__________________________________TMPOU_________________________________________
_________________________________TTM_POU________________________________________
_________________________________TTMP_OUT_______________________________________
__________________________________TMPO_UTT______________________________________
_________________________A________TMPOU_TTM_____________________________________
___________________________________TMPO__UTT________SILVER______________________
___________________________________TMPOU_TTMP___________________________________
____________________________________TMPOU_TTMP__________________________________
_______________________BULLET________TMPOU_TTMP_________________________________
______________________________________TMPOU_TTM_________________________________
______________________________________MPOUTMP_UTT____________TO_________________
_______________________________________UTTMPOU_TMP______________________________
________________________________________MOUTTM_TMPOU____________________________
_______________________________________TTMPOUTMTMPOUT___________________________
________________________ELF____________OUTPOUTTMPOUTTM__________________________
______________________________________TTMPOUTPTMPOUTTM__________________________
___________________________________OUTTMPOUTTMPOU__TMP__________________________
_____________________________3_3333__TMPOUTTMPOUTTMPOU__________________________
____________________________3_333_333___3333333333333____CONSUMER_______________
___________________________3__33__333_____3333333333____________________________
__________________________333333333__3333____33333333___________________________
_________________________3333333333___333333333333333___________________________
_________________________3333333333___333333333333________PROJECTS______________
__________________________3333333333__3333333333333_____________________________
___________________________333333333_333333333333333____________________________
____________________________3333333333333333333333333___________________________
____________________________33333333333____33333333333__________________________
___________________________33333_33333______333333333333________________________
___________________________333___33333______3333333333333_______________________
__________________________333_3333333________333333__333333_____________________
_________________________333_33333333________333__33____33333___________________
─//─────────────────────────────────────────────────────────────────────────────
─ Introduction ───────────────────────────────────────────────────────────────

I've been thinking about fuzzing the projects that take ELF binaries as an input
since I read xcellerator's "Dead Bytes"[0] blog in tmpout #1. In his blog, he 
clearly demonstrates that some ELF and program headers are ignored by the 
loader.

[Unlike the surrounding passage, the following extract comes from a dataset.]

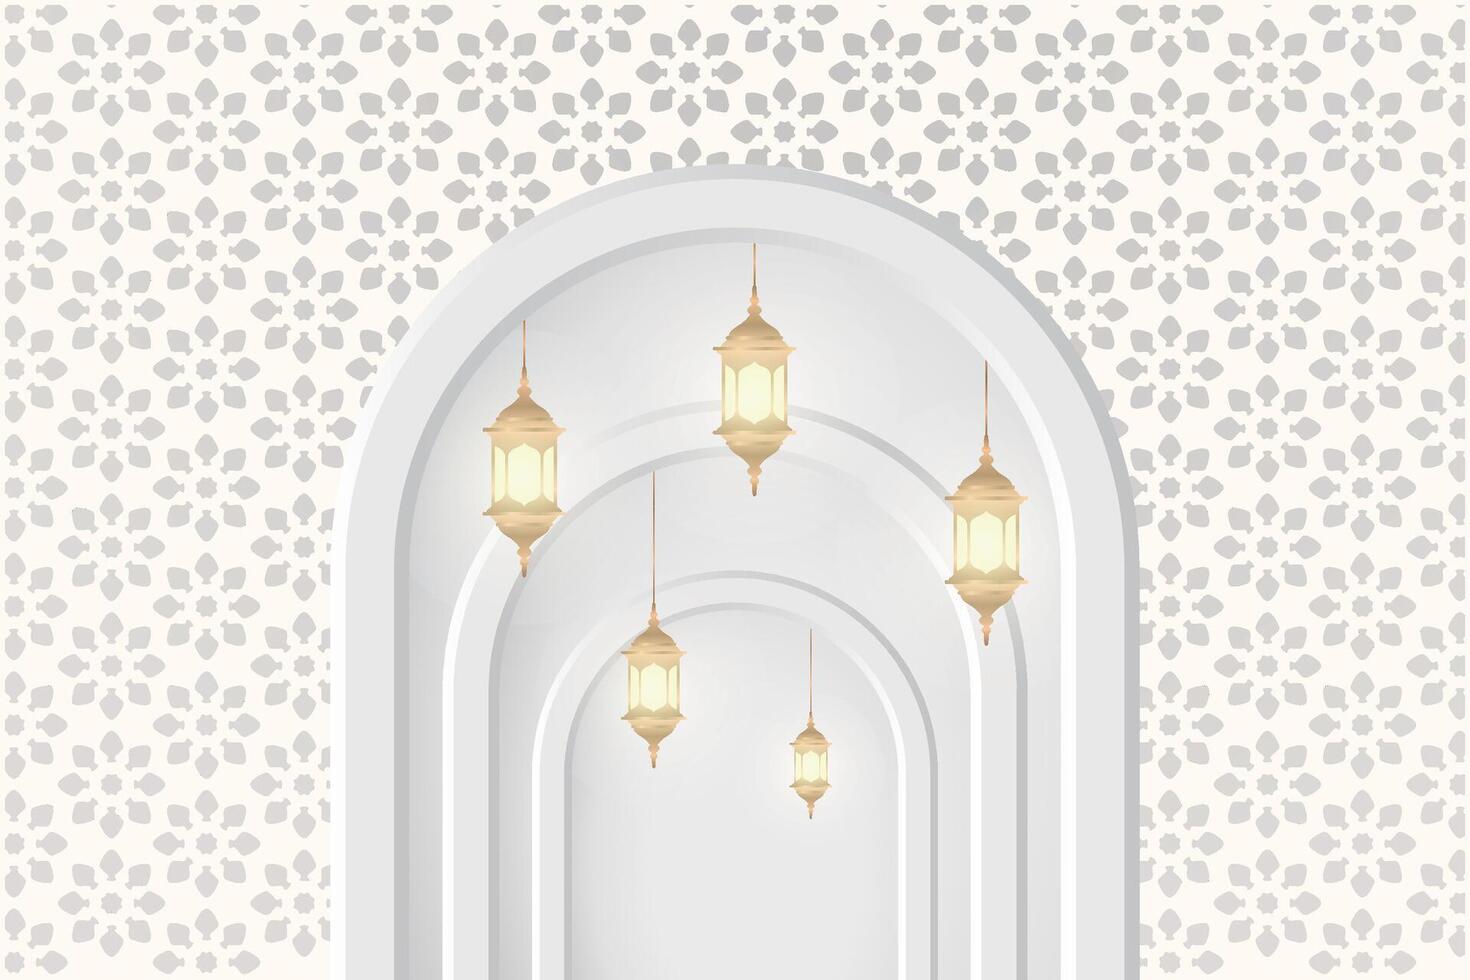 eid al-fitr, Ramadhan dekorativ hälsning kort vektor

I took the inspiration from these corruptions and targeted the open 
source projects with just one silver bullet, which is the `dead_bytes.bin`. I 
wanted to prove the idea of "Linux loader is the least picky parsers among the
standart Linux toolkit". I also decided to suggest a fix for every 
crash I found in order to be more useful both for myself and for the projects.
However, surprisingly, even though I haven't written any advanced harnesses (was
just using argv, which means slower execution per sec), this heretic and barely 
valid "dead_bytes.bin" binary alone was able to cause some problems! 
I spent my time mostly with crash triages. As you can imagine, after a while it 
started to get really exhausting. (Reaching out developers, checking how the 
project owner handles things, accepted naming, CoC's etc etc.) It may sound I 
have worked on thousand projects but no.

─//─────────────────────────────────────────────────────────────────────────────
─ S c o p e ──────────────────────────────────────────────────────────────────

I tested eight projects which are;

    1) [ ] binutils/readelf                                    [ ] no crash 
    2) [x] elfmaster/libelfmaster                              [x] crash
    3) [x] radareorg/radare2 (CVE-2023-1605)[1]                [o] Infinite Loop
    4) [x] jacob-baines/elfparser 
    5) [x] finixbit/elf-parser 
    6) [ ] eliben/pyelftools (unhandled EI_VERSION)
    7) [o] lief-project/LIEF
    8) [ ] cea-sec/miasm 

I also included the AFL build options for targeted projects in my repository[2] 
for the people would want to experience for themselves.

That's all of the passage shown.